Today’s global organizations have a large number of employees working as international assignees, expatriates and business travelers. Employees who travel across borders often find themselves in unfamiliar environments and situations, subject to increased risks and threats, and less prepared to handle these situations than if they were in their home country.


As a result, employers carry an increased “Duty of Care” obligation to protect their employees from these unfamiliar—yet often foreseeable—risks and threats.


This obligation is embedded in most Western countries’ legislation, albeit with great diversity.

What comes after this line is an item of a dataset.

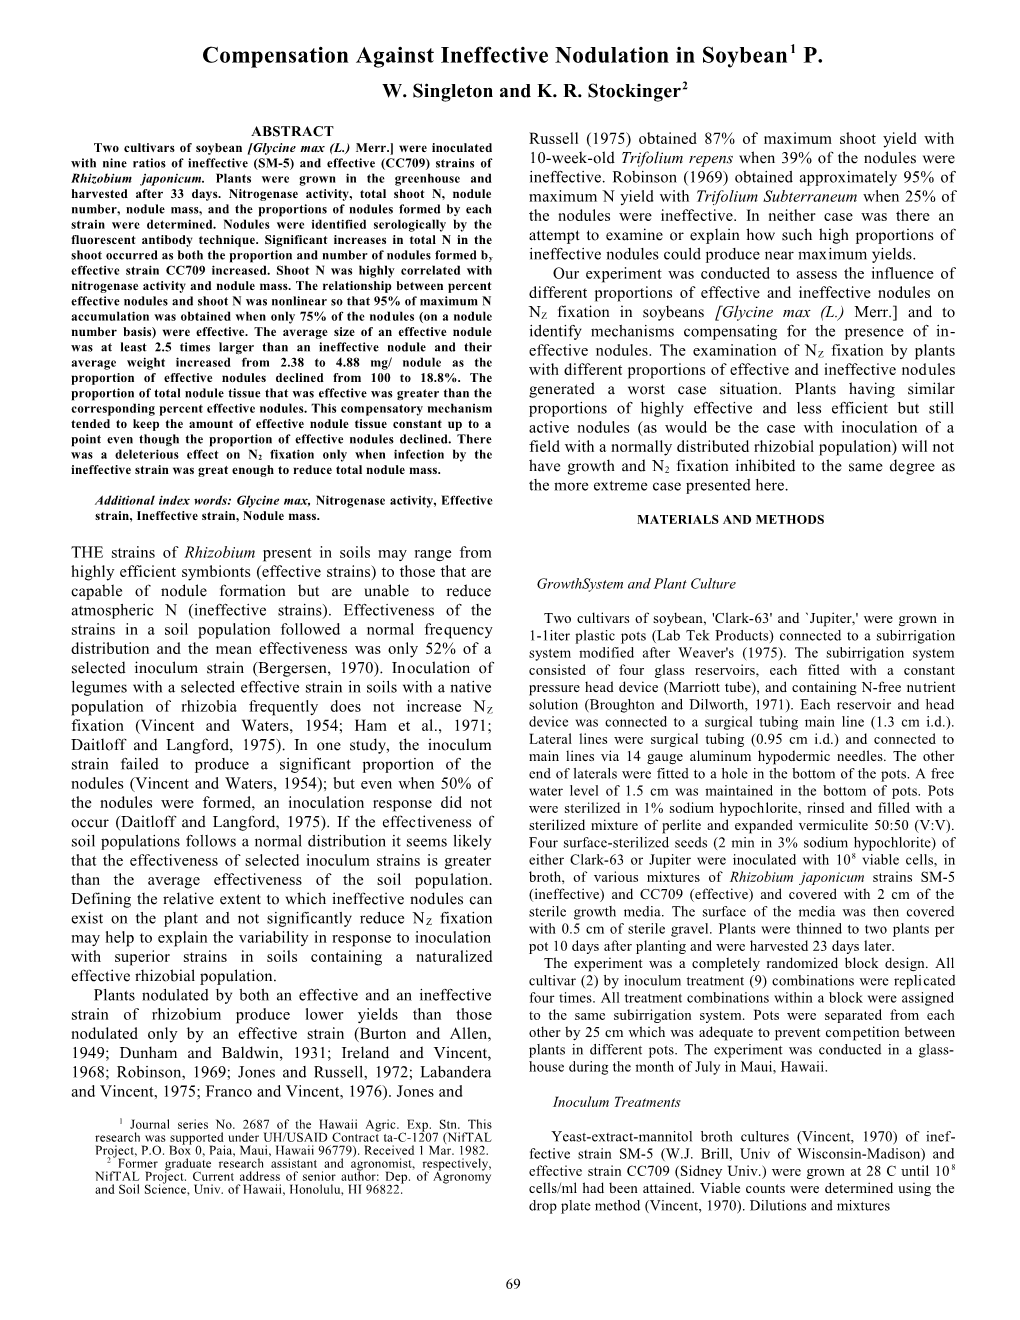 Compensation Against Ineffective Nodulation in Soybean1p. W. Singleton and K. R. Stockinger2

In its broadest sense, Duty of Care is defined as ‘a requirement that a person or organization acts toward others and the public with watchfulness, attention, caution and prudence in a manner that a reasonable person would in a similar circumstance.’


In addition to an employer’s responsibility, there is a growing expectation of “Duty of Loyalty,” whereby ‘the duty of an employee is not to compete with the interest of the organization and to follow the employer’s Duty of Care policies and procedures.’


In a Duty of Loyalty culture, employees willingly cooperate with travel risk management guidelines—even if these policies curtail employee “privacy” in terms of the employer’s knowledge of their whereabouts.


Taken together, Duty of Care and Duty of Loyalty refer to a broad culture in which employers care about the health, safety, security and well-being of their traveling employees (and their dependents), and develop and deploy appropriate travel risk management approaches to protect them from possible harm.